**TASK TO CARRY OUT:** For this exercise, write out only the lines of the entries below from the one with "Ceramic Mosaic Tiles" up to and including the one with "An Android mobile", exactly as they are. Pictures stay out.

**TASK MATERIAL:**
□ □ □ □ □
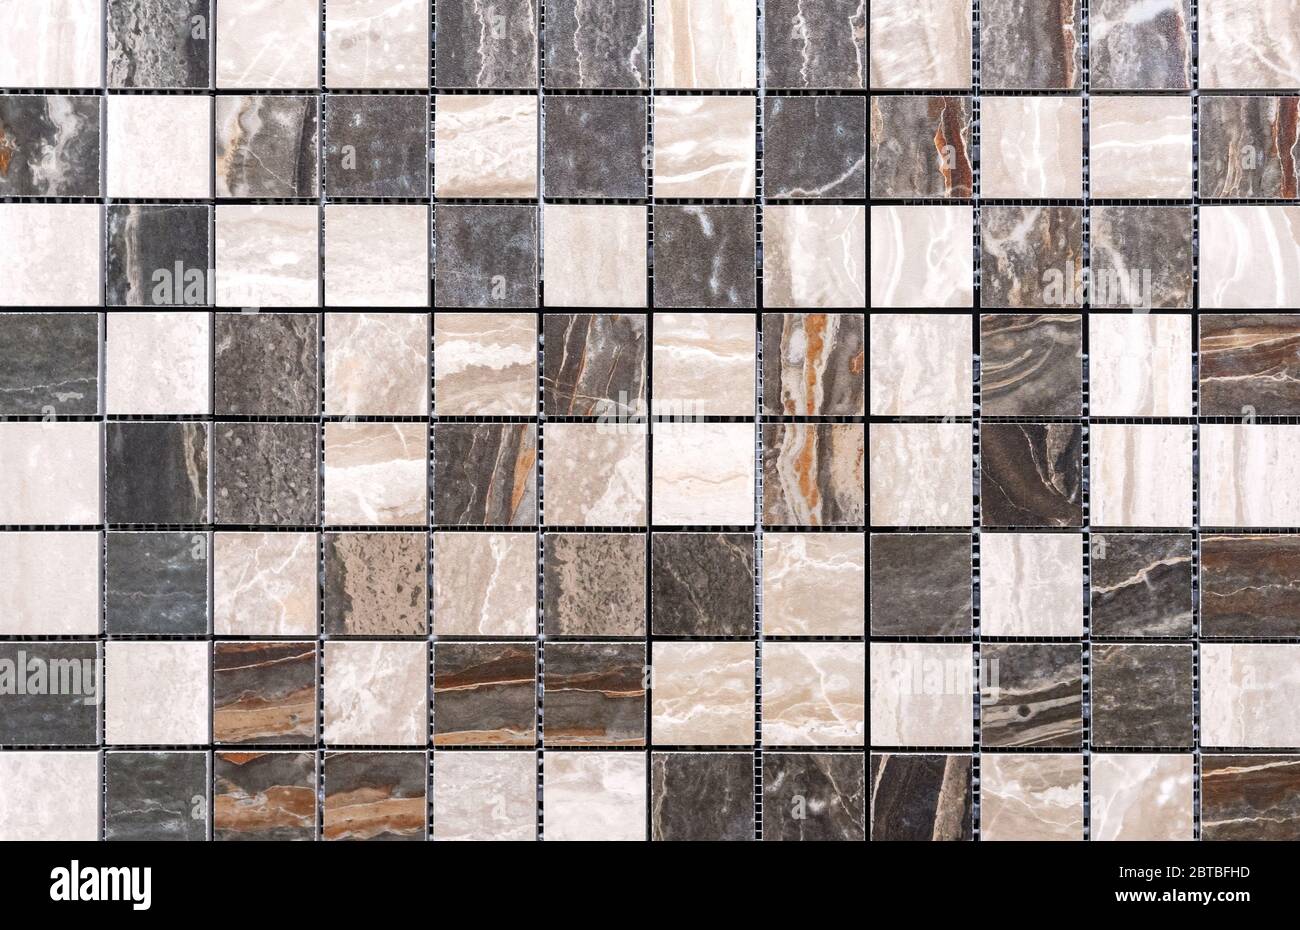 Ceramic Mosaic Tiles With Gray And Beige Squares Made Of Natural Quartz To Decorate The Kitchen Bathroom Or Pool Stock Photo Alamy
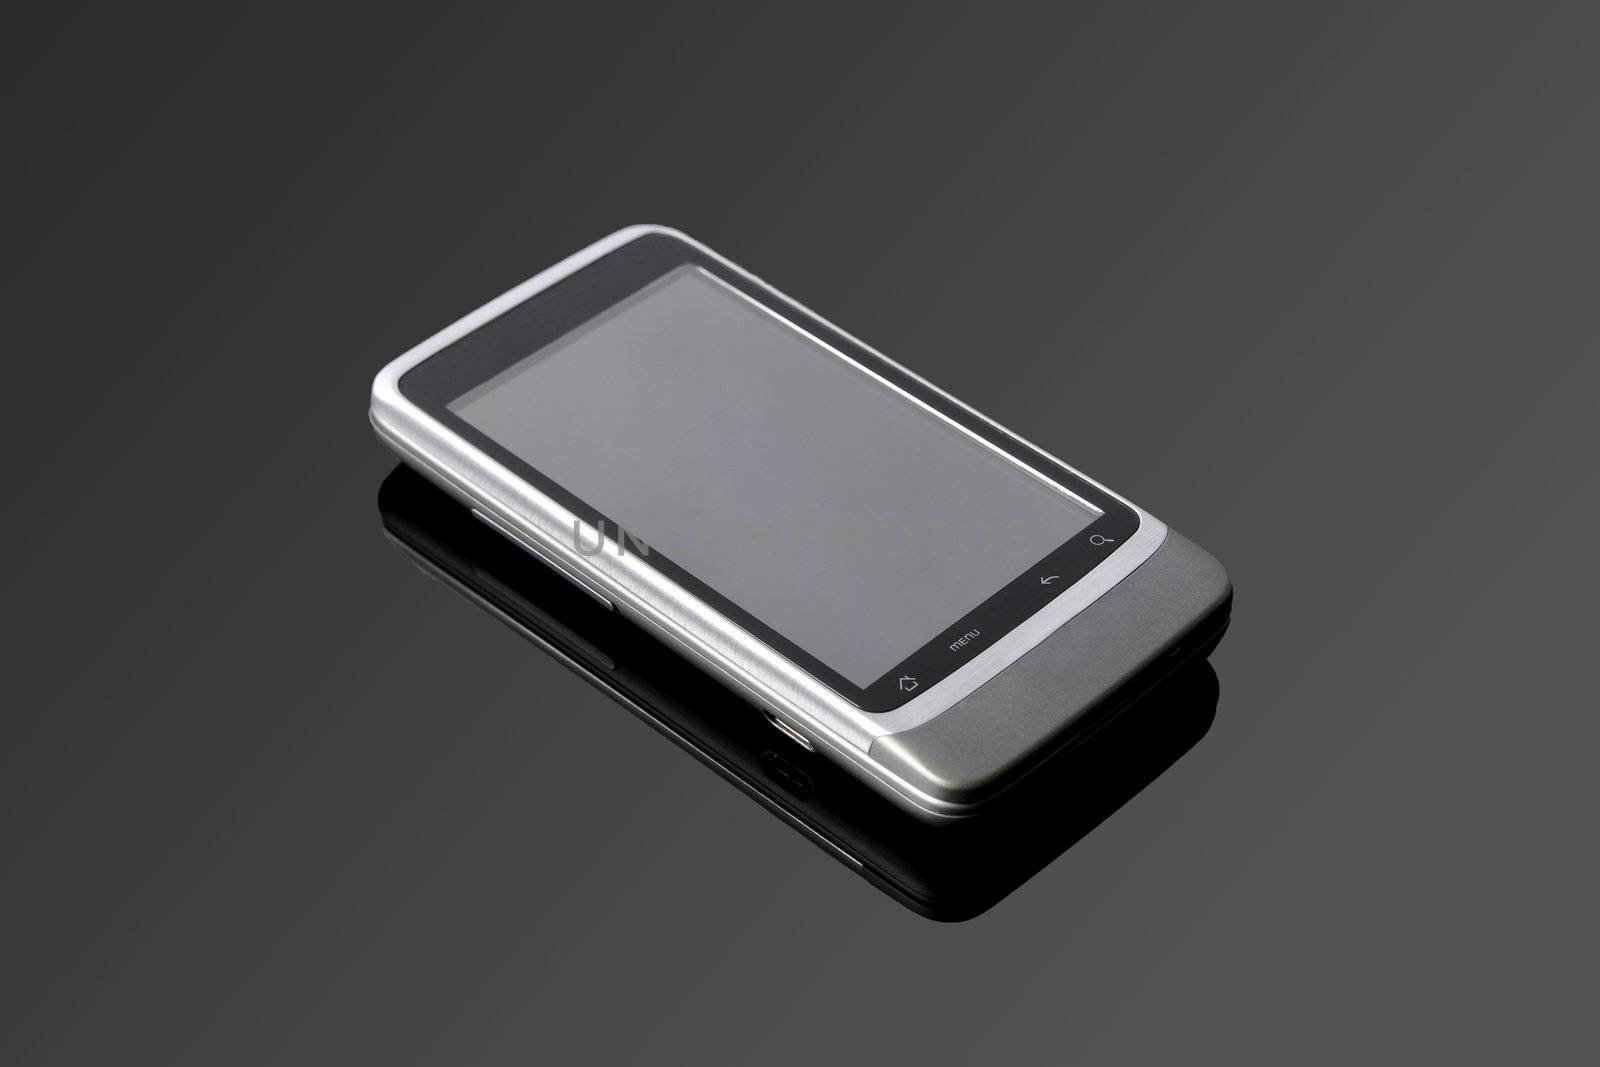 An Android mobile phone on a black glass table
□ □ □ □ □
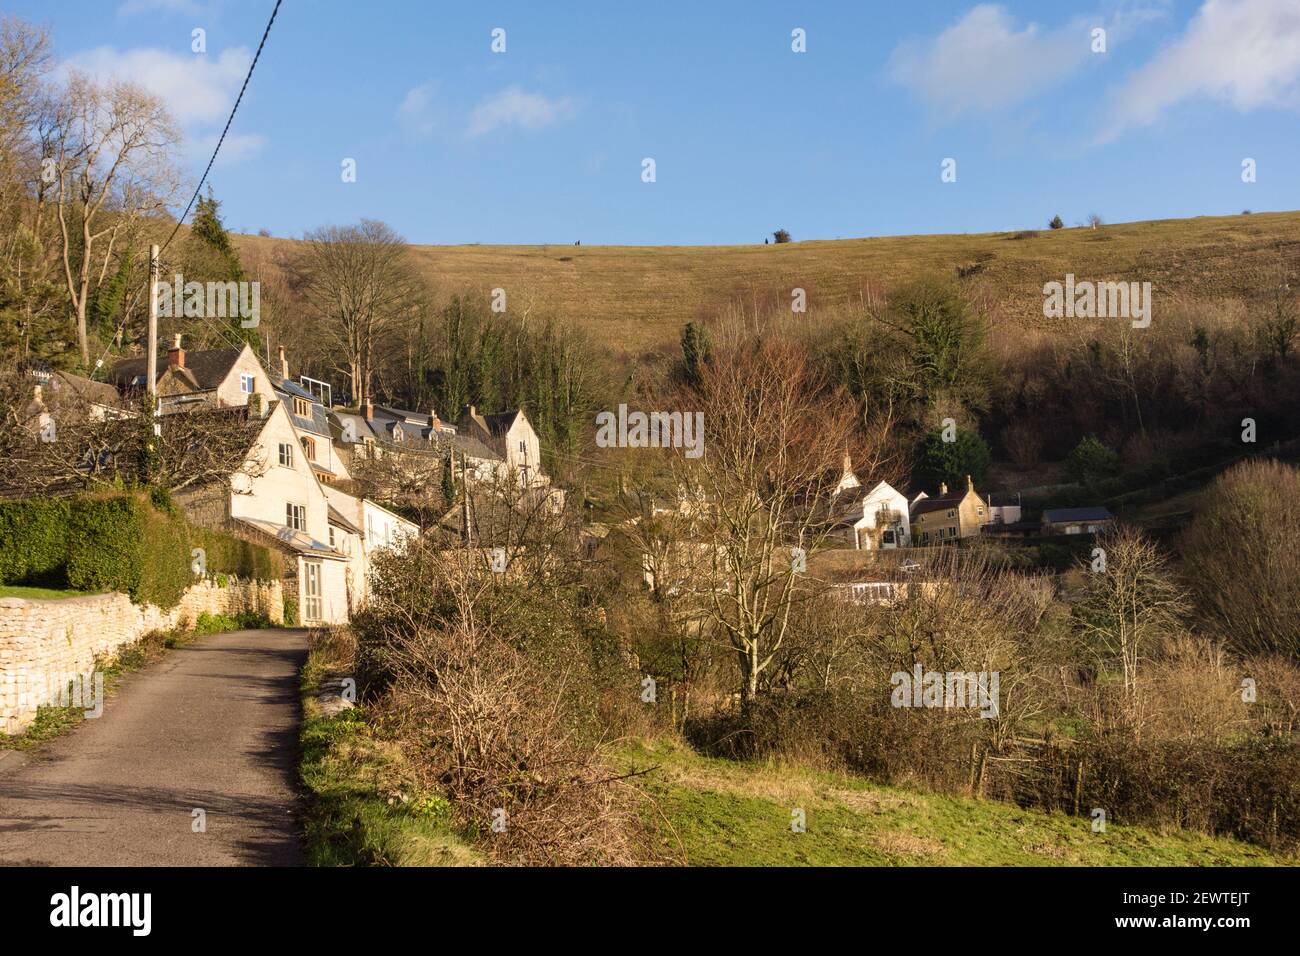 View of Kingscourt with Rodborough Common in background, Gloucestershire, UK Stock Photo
□ □ □ □ □
**YOUR SOLUTION:**
 Ceramic Mosaic Tiles With Gray And Beige Squares Made Of Natural Quartz To Decorate The Kitchen Bathroom Or Pool Stock Photo Alamy
 An Android mobile phone on a black glass table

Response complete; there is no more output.